◆ Problem description ◆
Reproduce the lines below verbatim. Pictures are to be omitted.

--- Recorded information ---

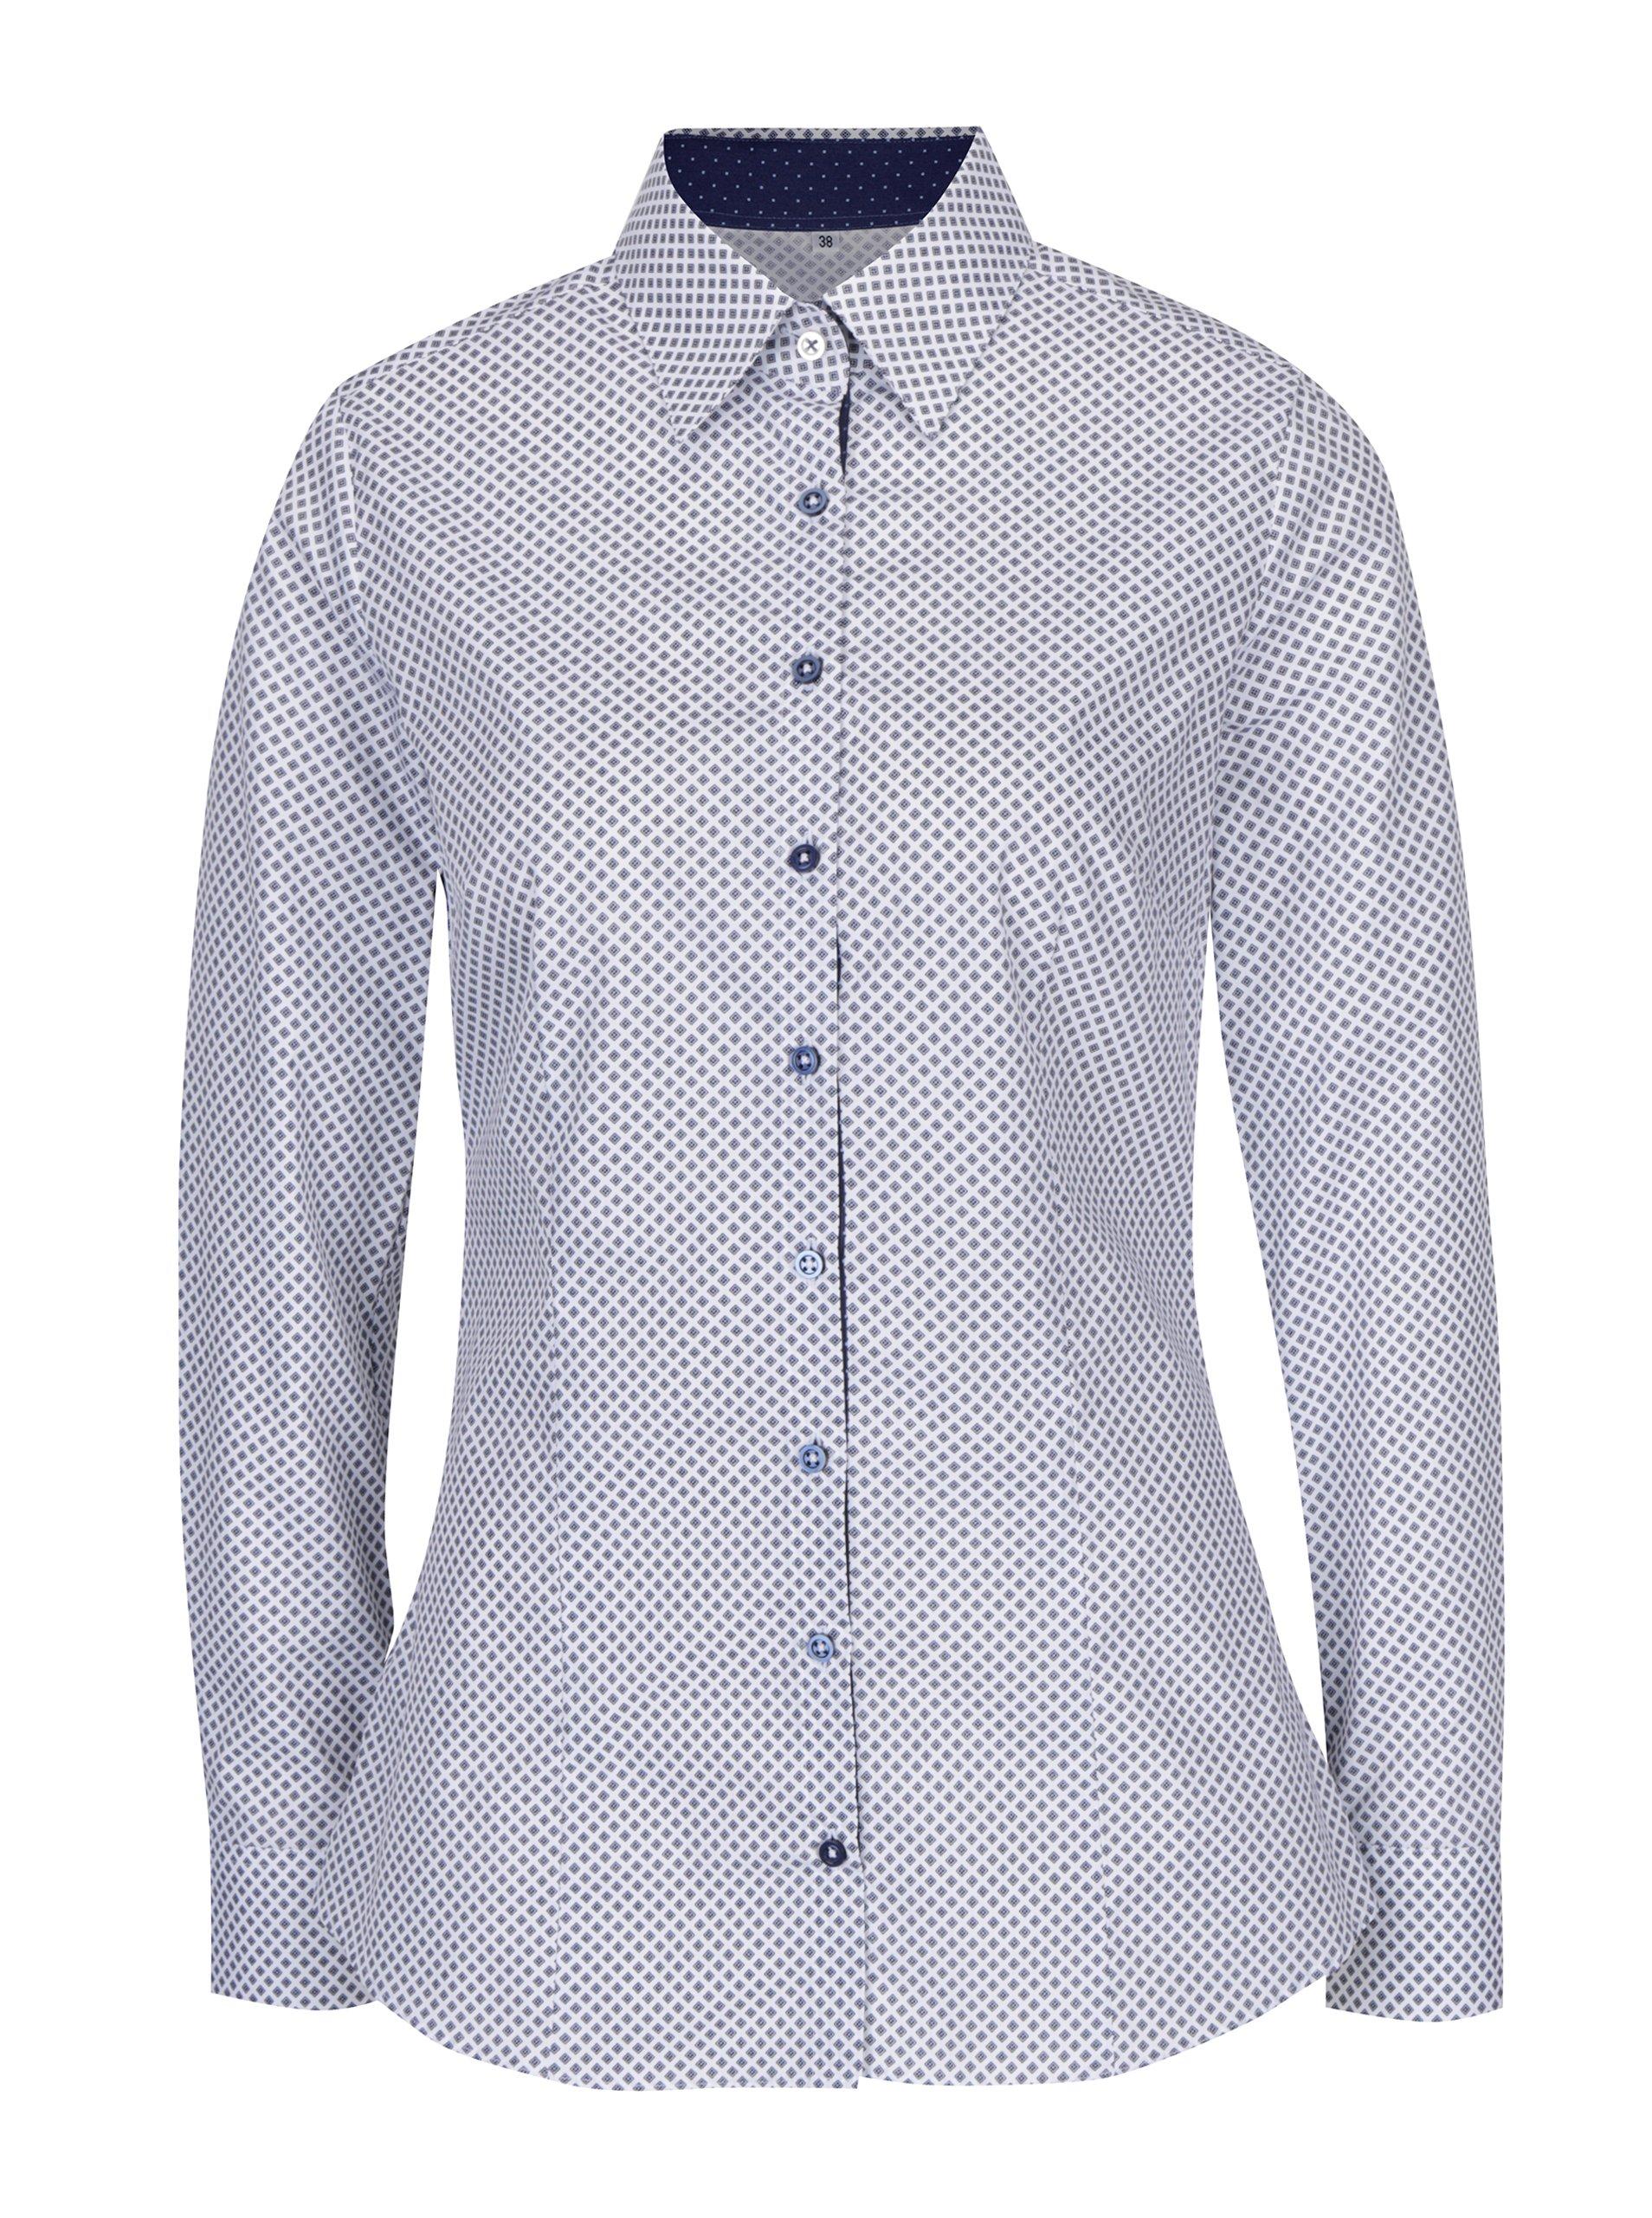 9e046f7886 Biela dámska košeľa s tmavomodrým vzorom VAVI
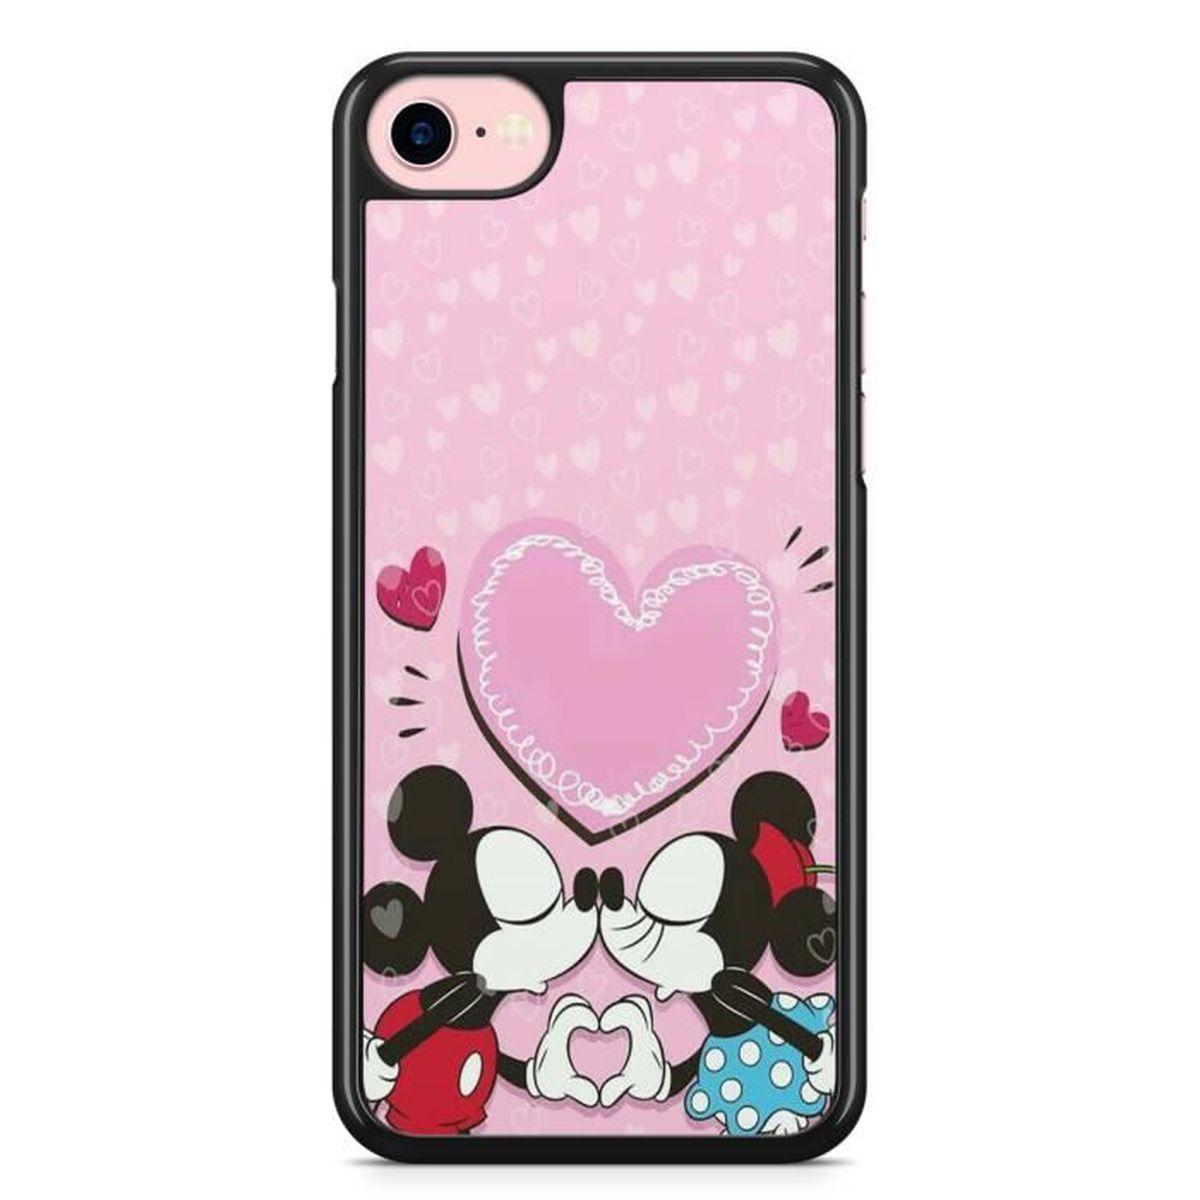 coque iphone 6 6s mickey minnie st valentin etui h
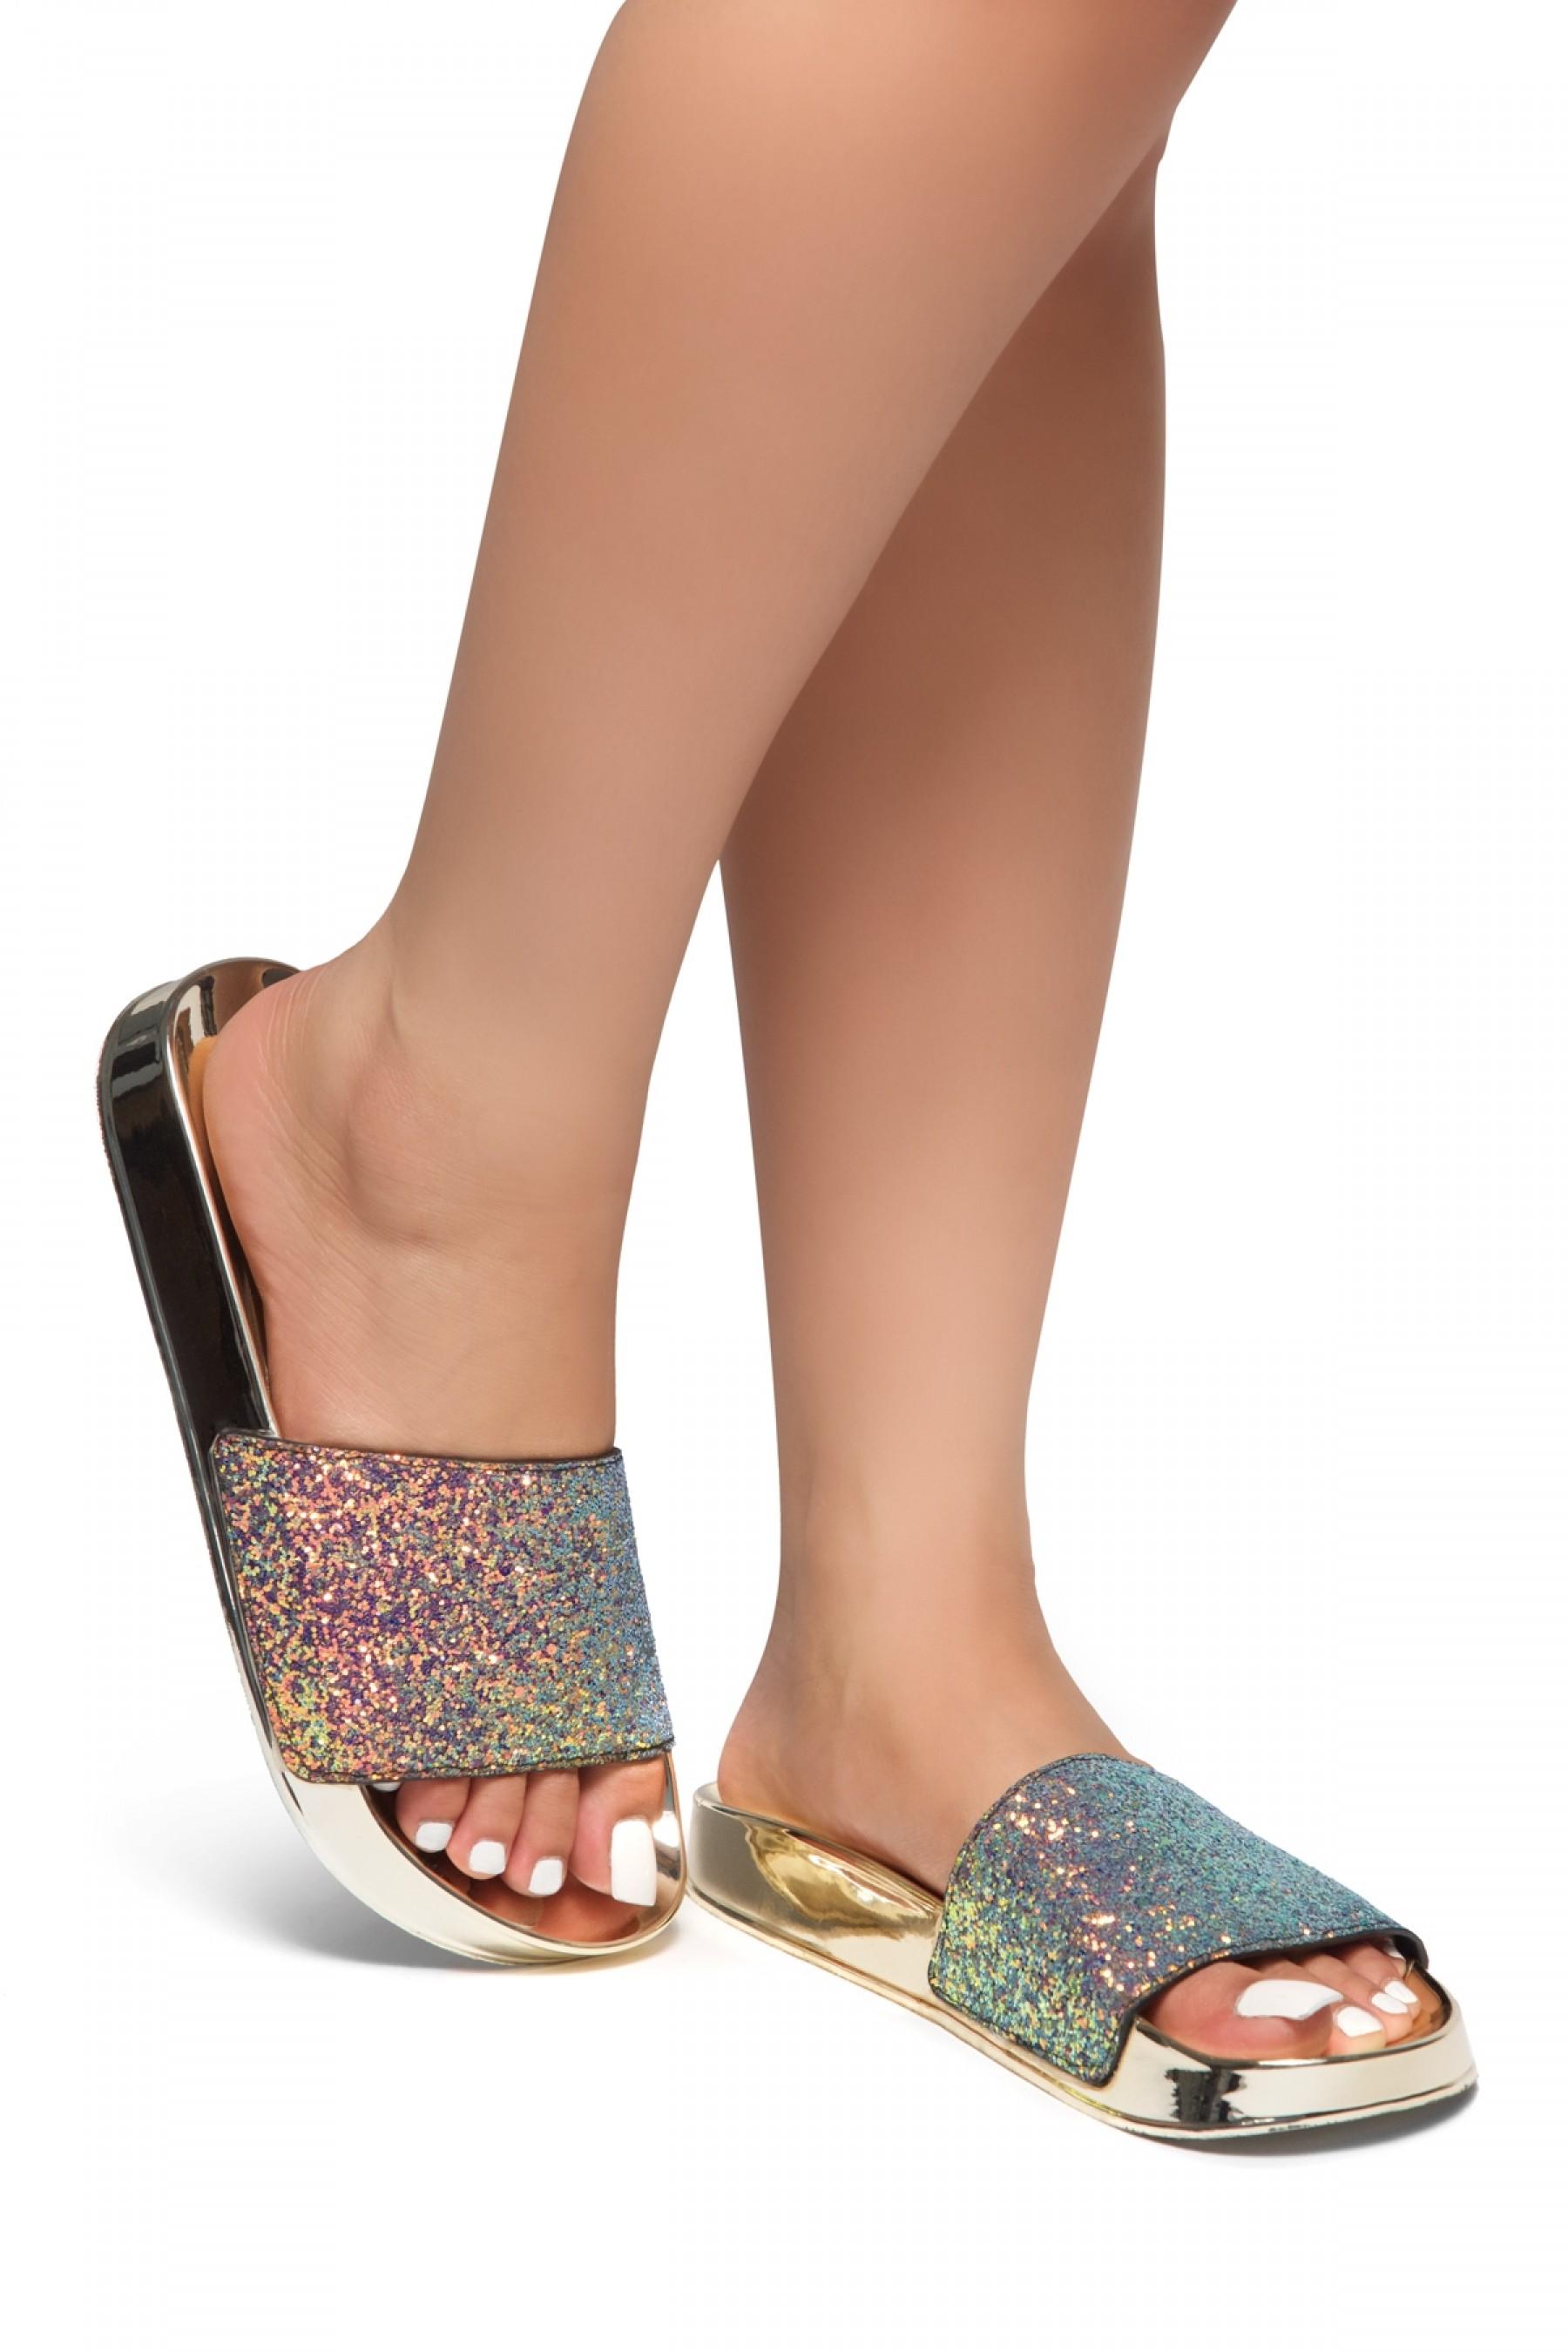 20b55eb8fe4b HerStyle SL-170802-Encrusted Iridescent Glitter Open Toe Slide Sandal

---

◆ Answer for this exercise ◆
 9e046f7886 Biela dámska košeľa s tmavomodrým vzorom VAVI
 coque iphone 6 6s mickey minnie st valentin etui h
 20b55eb8fe4b HerStyle SL-170802-Encrusted Iridescent Glitter Open Toe Slide Sandal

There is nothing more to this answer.